Previous Distinguished Speaker Seminars:


Speaker:  Yingying Fan, University of Southern California, USA

Title:         RANK: Large-Scale Inference with Graphical Nonlinear Knockoffs

Abstract: Power and reproducibility are key to enabling refined scientific discoveries in contemporary big data applications with general high-dimensional nonlinear models. In this paper, we provide theoretical foundations on the power and robustness for the model- free knockoffs procedure introduced recently in Cand`es, Fan, Janson and Lv (2016) in high-dimensional setting when the covariate distribution is characterized by Gaussian graphical model. We establish that under mild regularity conditions, the power of the oracle knockoffs procedure with known covariate distribution in high-dimensional linear models is asymptotically one as sample size goes to infinity. When moving away from the ideal case, we suggest the modified model-free knockoffs method called graphical nonlinear knockoffs (RANK) to accommodate the unknown covariate distribution. We provide theoretical justifications on the robustness of our modified procedure by showing that the false discovery rate (FDR) is asymptotically controlled at the target level and the power is asymptotically one with the estimated covariate distribution. To the best of our knowledge, this is the first formal theoretical result on the power for the knock- offs procedure. Simulation results demonstrate that compared to existing approaches, our method performs competitively in both FDR control and power. A real data set is analyzed to further assess the performance of the suggested knockoffs procedure.


Speaker:  Patricia Bouret, Centre national de la recherché scientifique (CNRS), France

Title:         Family wise separation rates for multiple testing

Abstract:  Starting from a parallel between some minimax adaptive tests of a single null hypothesis, based on aggregation approaches, and some tests of multiple hypotheses, we propose a new second kind error-related evaluation criterion, as the core of an emergent minimax theory for multiple tests.
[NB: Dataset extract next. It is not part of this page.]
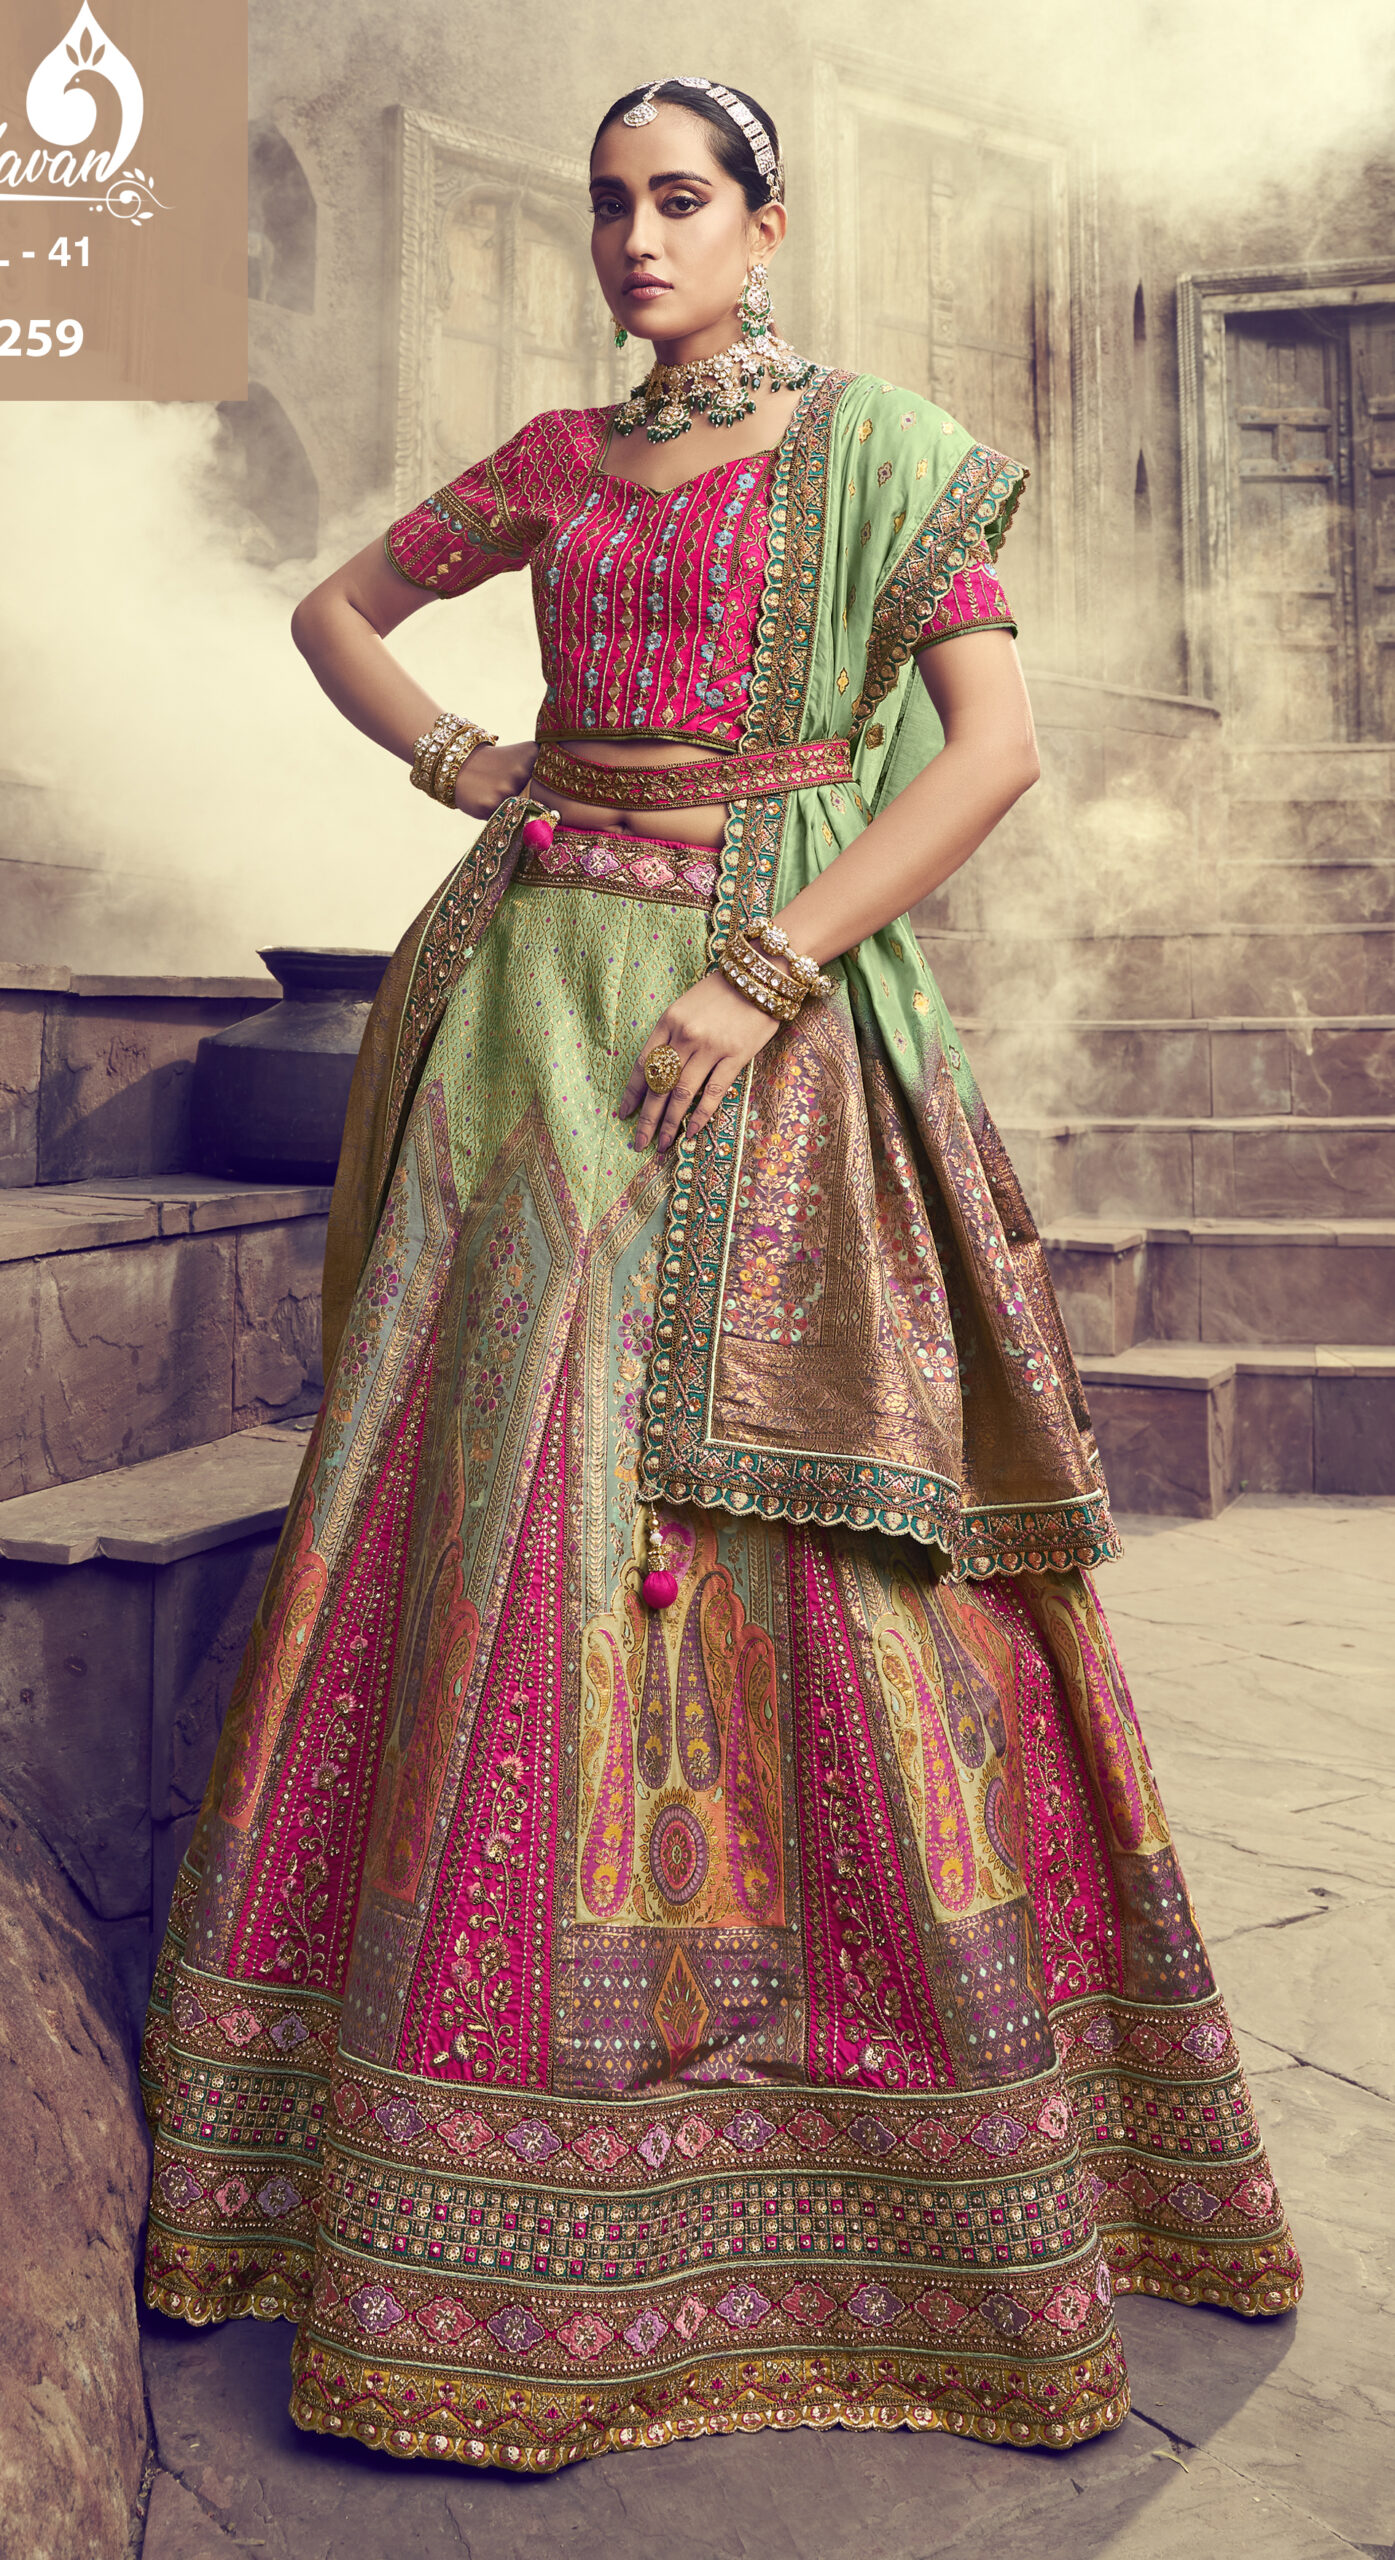 Gajri Red Colored Silk Lehenga Choli | Get The Best Of Ethnic Wear Now At  Your Doorstep. Shop From Our Wide Collection of Lehenga, Partywear And  Sarees, Salwar Suits, Kurti and Much
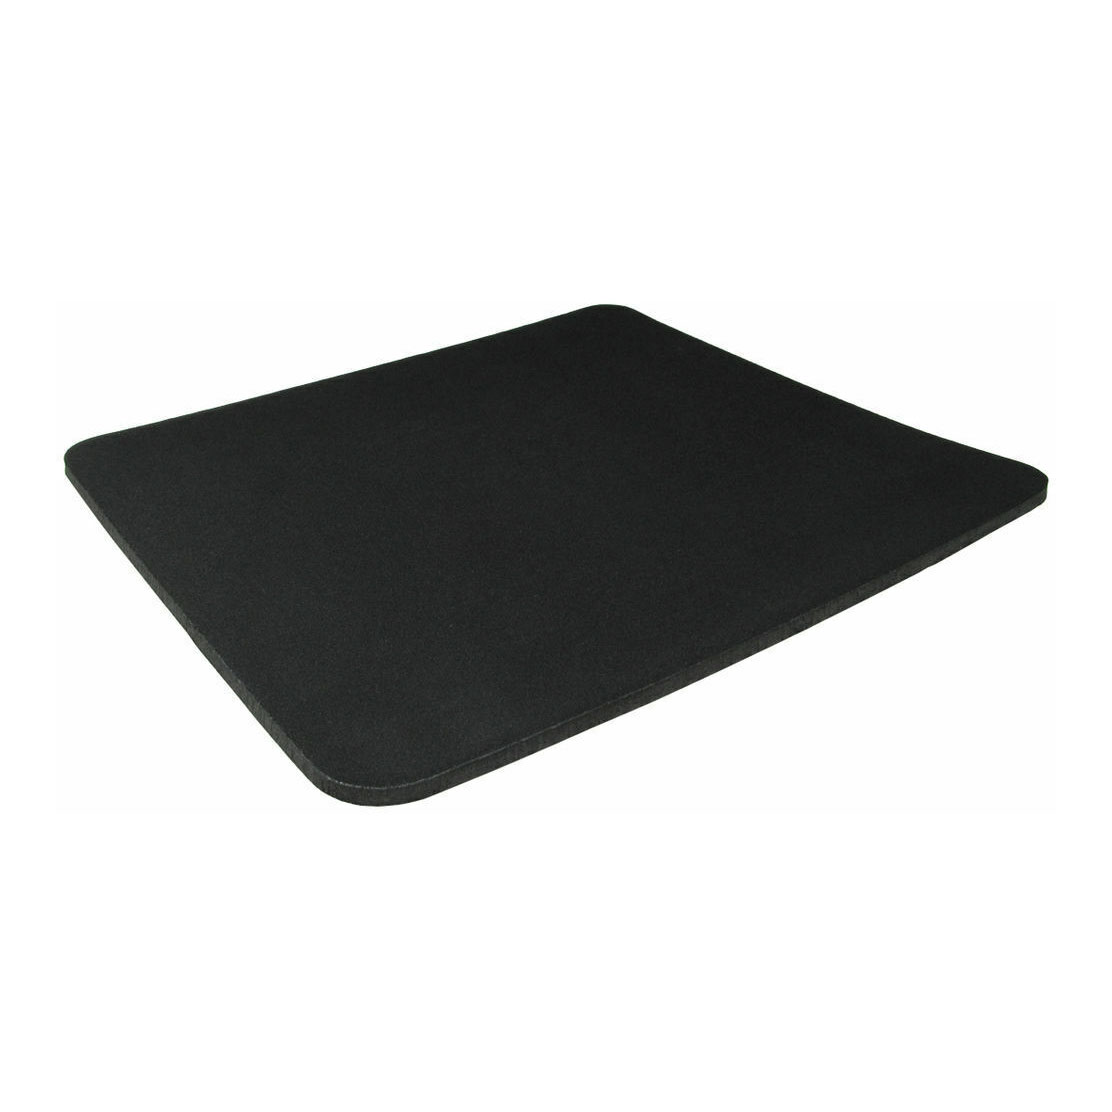 Xclio All Rounder Mouse Mat Non Slip Black LN25415 - MM-01 | SCAN UK

Aggregation-based tests are justified through their first kind error rate, which is controlled by the prescribed level on the one hand, and through their separation rates over various classes of alternatives, rates that are minimax on the other hand. We show that these tests can be viewed as the first steps of classical step-down multiple testing procedures, and ac-cordingly be evaluated from the multiple testing point of view also, through a control of their Family-Wise Error Rate (FWER). Conversely, many multiple testing procedures, from the historical ones of Bonferroni and Holm, to more recent ones like min-p procedures or randomized procedures, can be investigated from the minimax adaptive testing point of view. To this end, we extend the notion of separation rate to the multiple testing field, by defining the weak Family-Wise Separation Rate and its stronger counterpart, the Family-Wise Separation Rate (FWSR). As for non-parametric tests of a single null hypothesis, we prove that these new concepts allow an accurate analysis of the second kind error of a multiple testing procedure, leading to clear definitions of minimax and minimax adaptive multiple tests. Some illustrations in a classical Gaussian framework corroborate several expected results under particular conditions on the tested hypotheses, but also lead to more surprising results.This is a joint work with M. Fromont and M. Lerasle.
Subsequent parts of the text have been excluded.